Okay, I can here you already, "How's that 'Fun,' Greg?"

Well maybe it's not fun, fun. Not robots or bleeding edge coolness, but I'll tell you what isn't fun, it's writing the same code over and over. For loops, property setters, custom code snips, common T-SQL patterns, etc. You know what I mean, that same little block of code that you might copy-n-paste-n-tweak all the time? Or that statement group you type so often you don't even have to think about it, the muscle memory is so ingrain that you can do it with your eyes close?

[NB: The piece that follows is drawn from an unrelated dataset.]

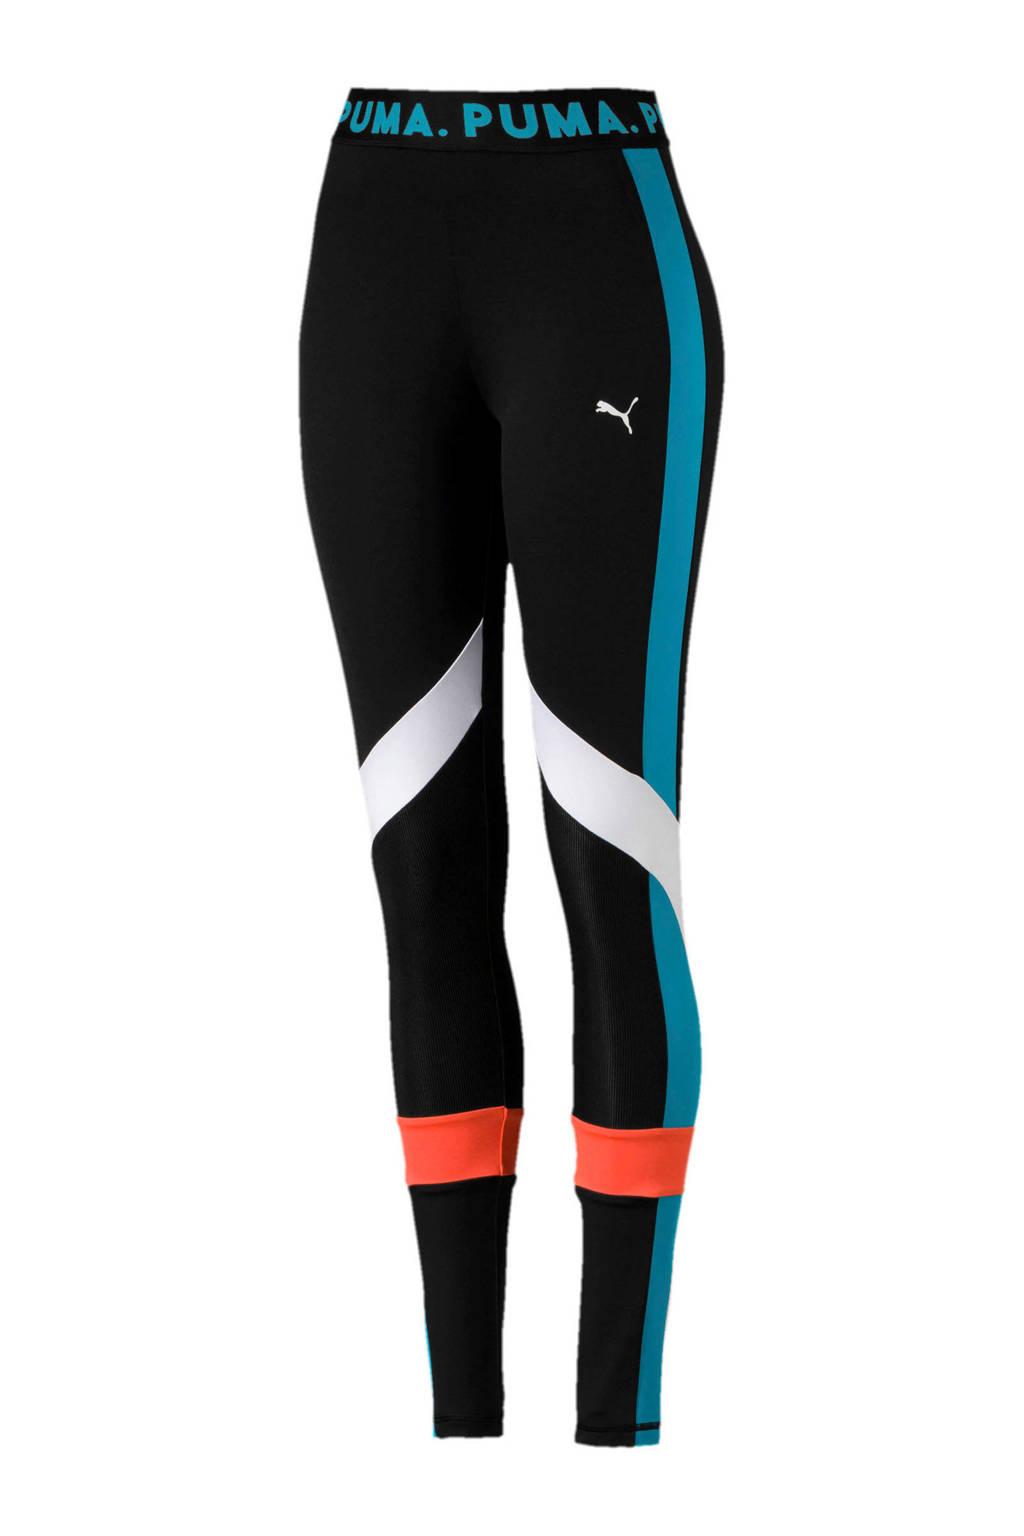 Puma legging zwart/blauw/wit/roze, Zwart/blauw/wit
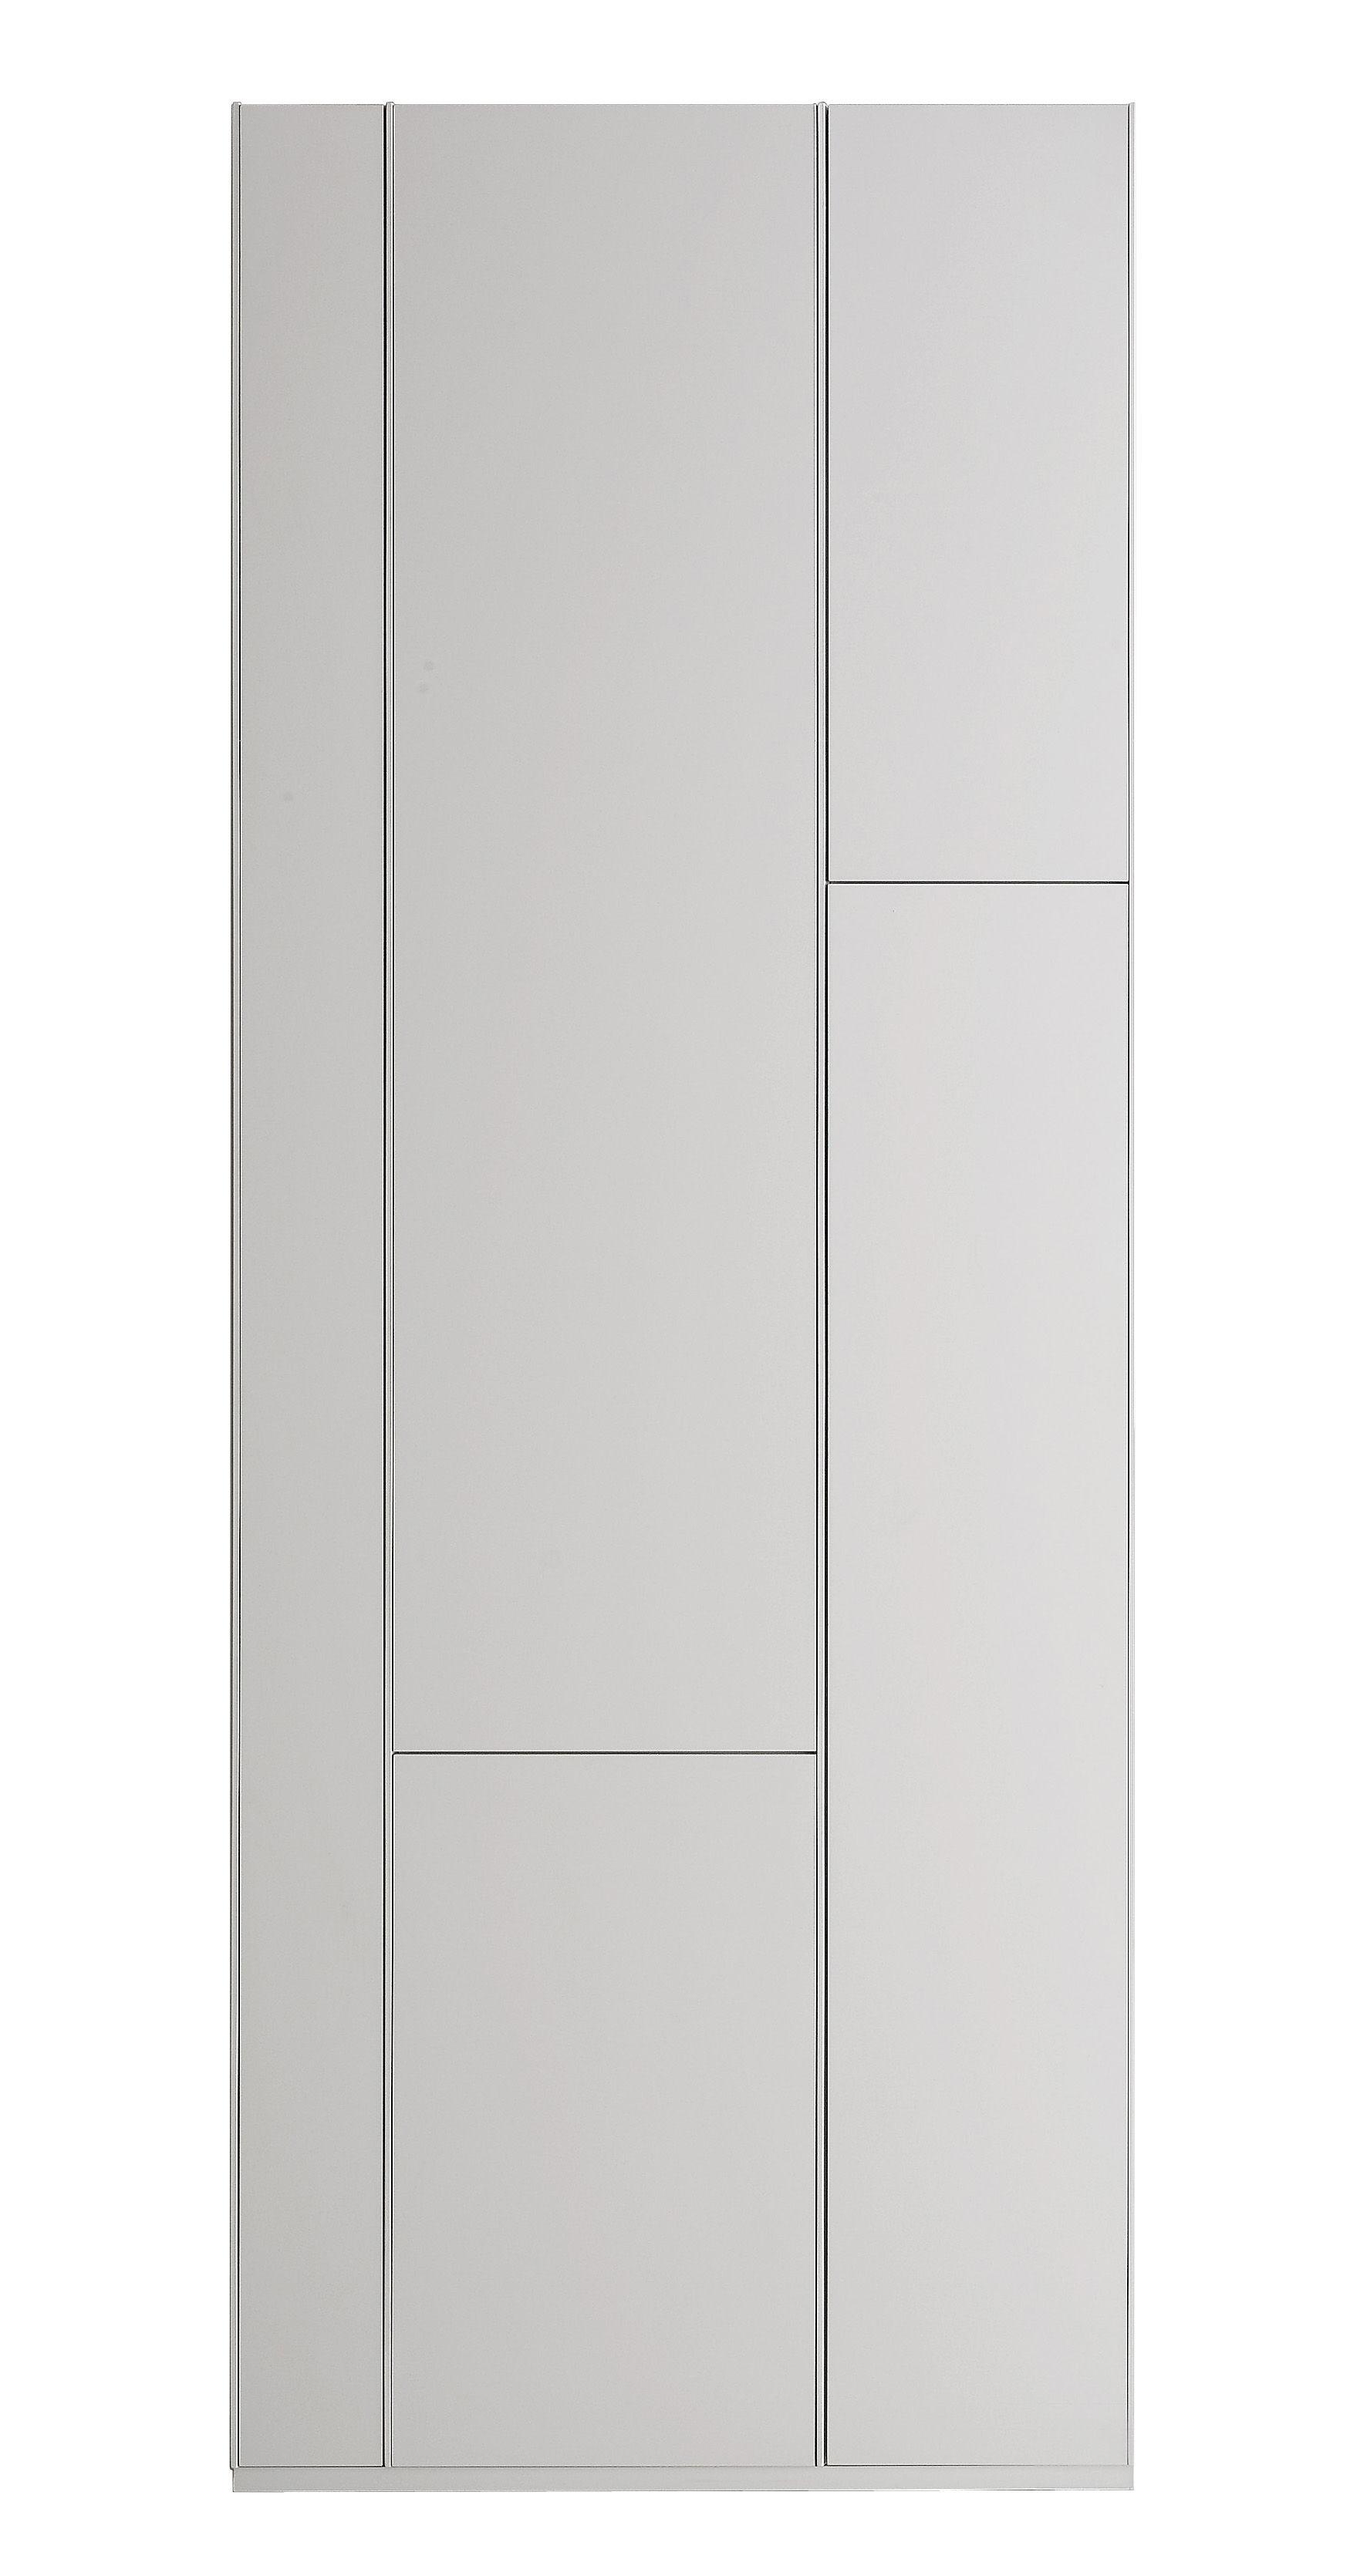 Arredamento - Scaffali e librerie - Libreria Random Cabinet di MDF Italia - Laccato bianco - Fibra di legno laccata

"Greg, give us a break, we all know about code snippets! Visual Studio has a bunch..."

You're right, it does. But everyone also knows that the ones in the box are the starting point, not the end point. The real fun starts when you start creating your own...

Snippet Designer

The Snippet Designer is a plugin which enhances the Visual Studio IDE to allow a richer and more productive code snippet experience.

Recent News

Snippet Designer 1.5.0

Change log for 1.5.0

  • Added support for Visual Studio 2013
  • Fixed some typos
  • Fixed SQL snippet user directory


  • [GD] Visual Studio 2013
  • Visual Studio 2012
  • Visual Studio 2010
  • Visual Studio 2008


  • A Snippet editor integrated inside of the IDE which supports C#, Visual Basic, JavaScript, HTML, XML and SQL
    • Access it by opening any .snippet file or going to File -> New -> File -> Code Snippet File
    • It uses the native Visual Studio code editor so that you can write the snippets in the same environment you write your code.
    • It lets you easily mark replacements by a convenient right click menu.
    • It displays properties of the snippet inside the Visual Studio properties window.


A Snippet Explorer tool window to search snippets on your computer.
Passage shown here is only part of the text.